Probably means extra, you dumbass.

A friend (jokingly) told me it probably stood for, "Extra Garbage Data Structure"

Extra
Example
Exercise
External
Extended
Excellent
Exhausting
Extraordinary

Solve offline. Apply normal MST algo for graph with all m normal edges and q query edges combined. The difference is to not actually add the edge if its a query edge. Solution

Store the edges given, in set with ind=-1
Store the edges of queries, in set with index of query.
Now apply Kruskal or Prim's and whenever you encounter a query edge check if this edge would have been added or not and store the answer for that index by using vector of strings.
Finally print that vector.
Submission

Think of kruskal algorithm used to compute the MST of a graph:

You sort edges by increasing order of weights and you use an edge if and only if it unites two nodes that are not already connected. So you can put all the edges in the same vector, sort them and keep uniting like if you were computing the MST of the graph.

At any time when the current edge is a "query edge" you just check if it unites two nodes that are not already connected or not.

See my code for more details: https://atcoder.jp/contests/abc235/submissions/28547346

My solution:

Build the MST of the original graph, then the answer for a query $$$(u, v, w)$$$ is Yes if and only if the maximum weight of an edge in the path from $$$u$$$ to $$$v$$$ on this MST is greater than $$$w$$$. So, now our problem has changed to: Given a tree and multiple queries $$$(u_i, v_i)$$$, report for each of them the maximum weight of an edge in the path from $$$u _i$$$ to $$$v_i$$$, which is easily solvable by Binary Lifting.
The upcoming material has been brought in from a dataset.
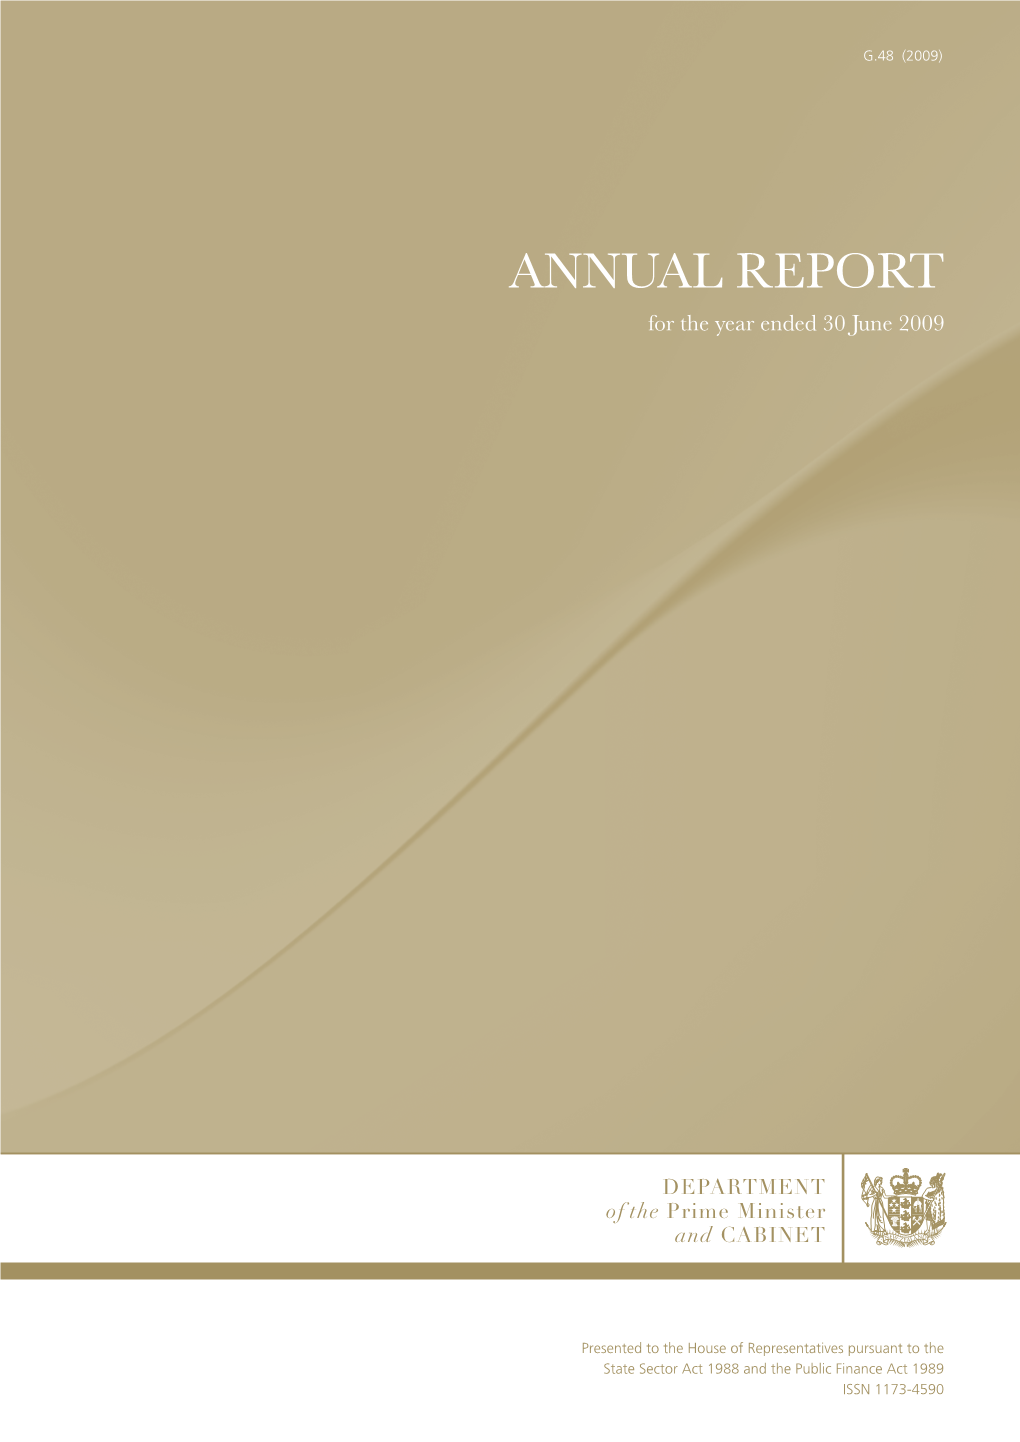 Annual Report: Department of the Prime Minister and Cabinet Annual

I did some pretty similar DP.

The states are: number of the digit, bitmask (to know which of the required digits have already been used) and a bool to know if my number if currently less or equal than n.
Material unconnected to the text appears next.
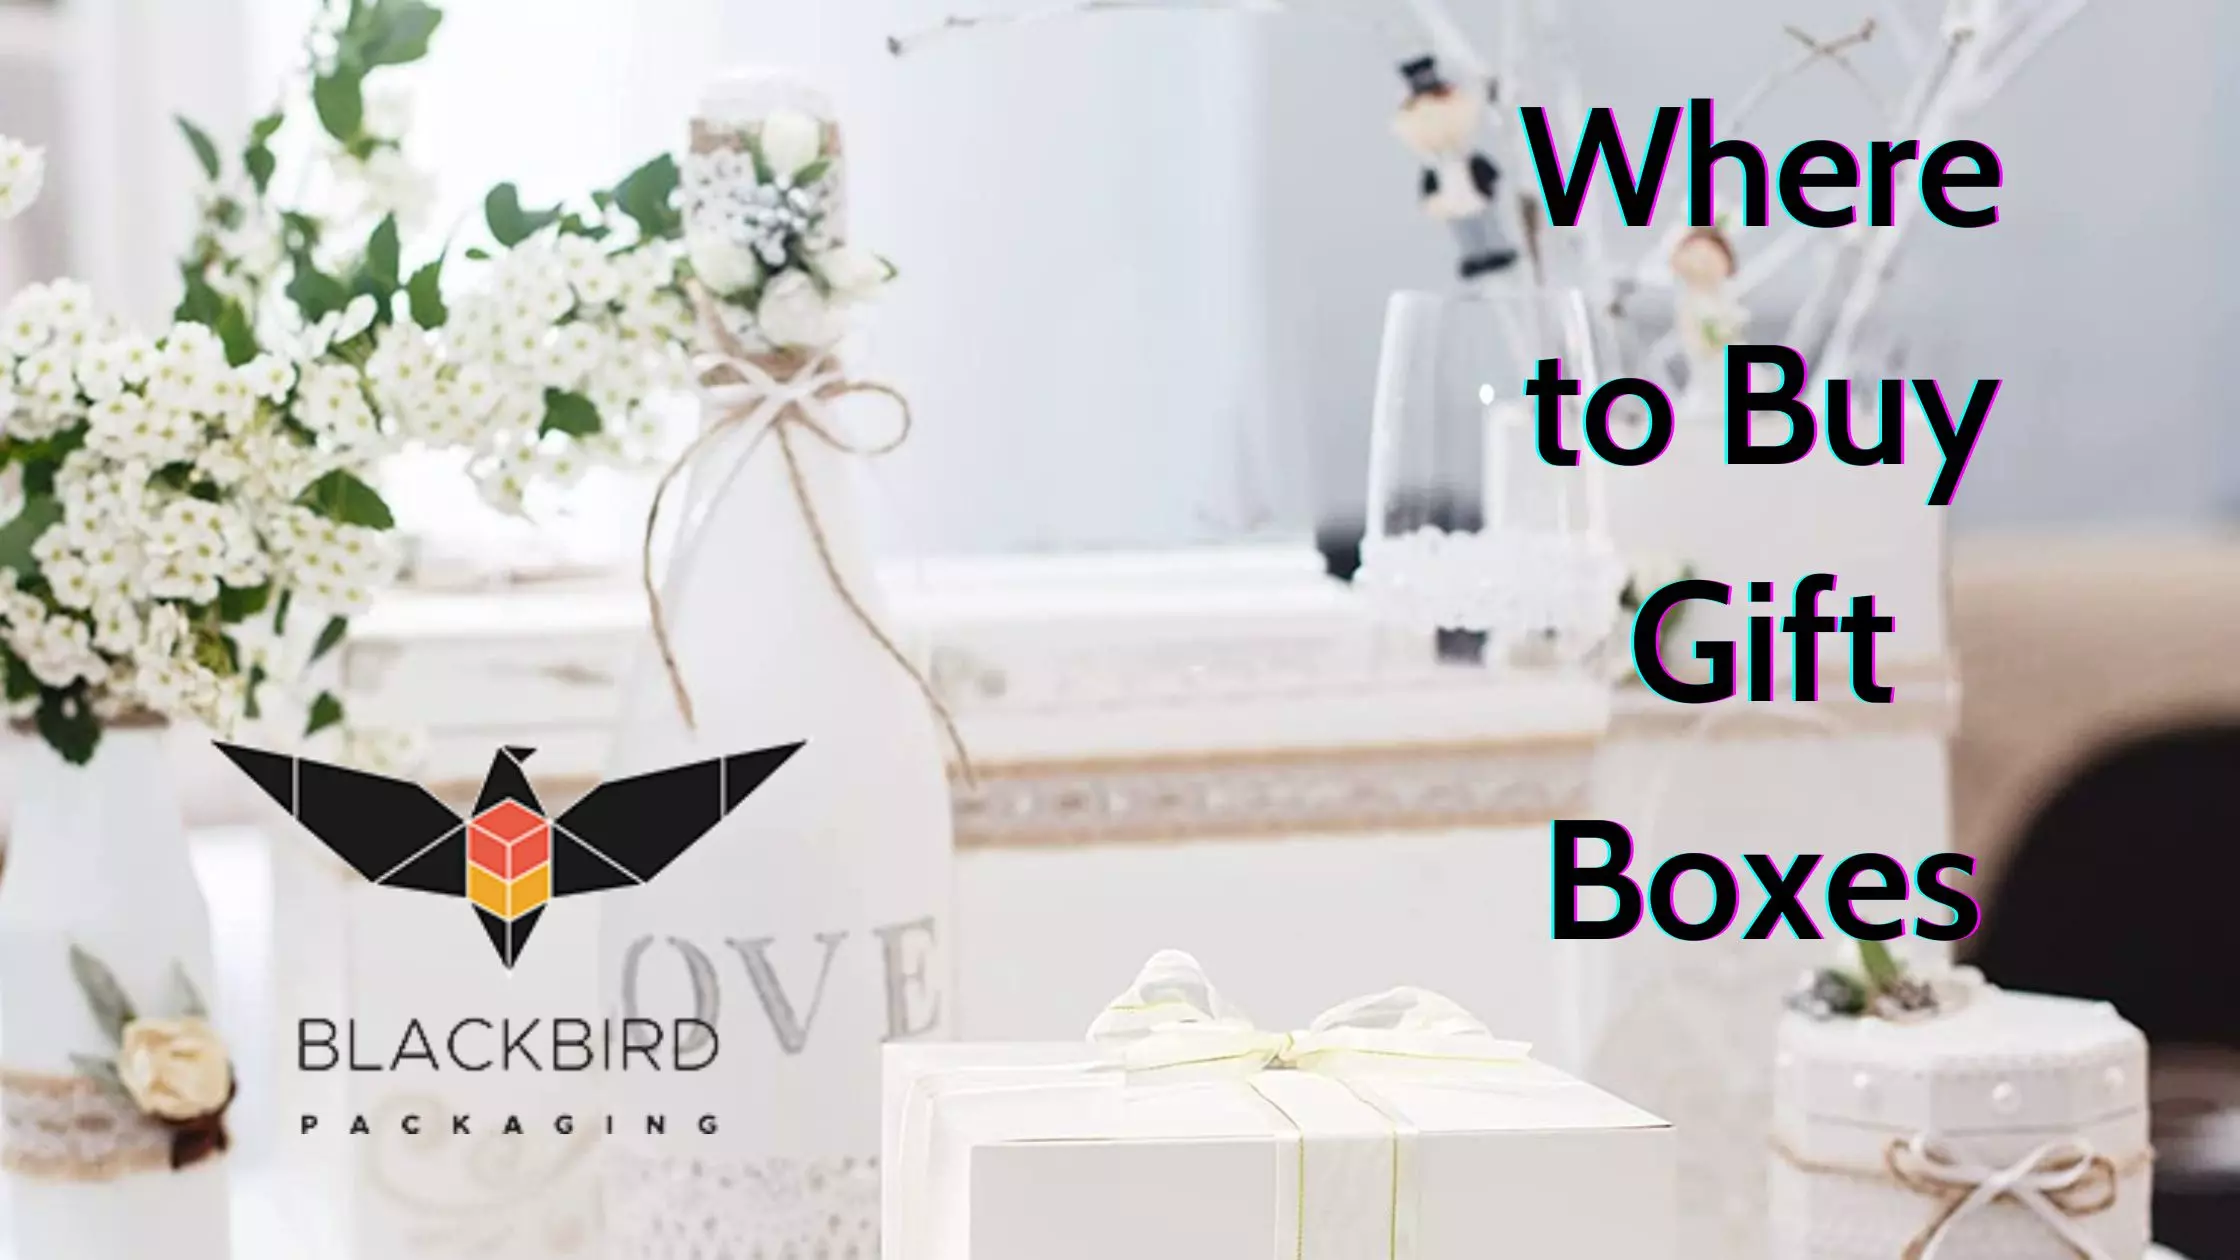 Where to Buy Gift Boxes

Don't allow any leading zeroes (so in your base case don't use digit 0) and at any digit just add a new transition which is "creating" a newer digit already smaller than n:

See my code for more details: https://atcoder.jp/contests/abc235/submissions/28560145

Don't mind to tell me if anything is unclear :p

My solution (although I couldn't submit it due to some bugs in my code) is the following:

Let's say $$$sum(A)$$$ is the sum of all the elements in the set $$$A$$$. Let's also define $$$S_d$$$ as the set of numbers that don't have the digit $$$d$$$ on their decimal representation. Then, we're asked for $$$sum\left([1, n]- \displaystyle\bigcup_d{S_d}\right) = \frac{n(n+1)}{2} - sum\left(\displaystyle\bigcup_d{S_d}\right)$$$. The sum of that $$$union$$$ can be computed by inclusion-exclusion principle: We iterate through all the non-empty subsets of the given digits and for each of them, we can use digit-dp for computing the required sum.

+1

D can be solved with something not that far from DP. Imagine a graph where each node is a number and you add an edge X->Y if you can reach number Y from number X. You start from number 1 and want the shortest path to get to node N. You have O(n) nodes and O(n) edges.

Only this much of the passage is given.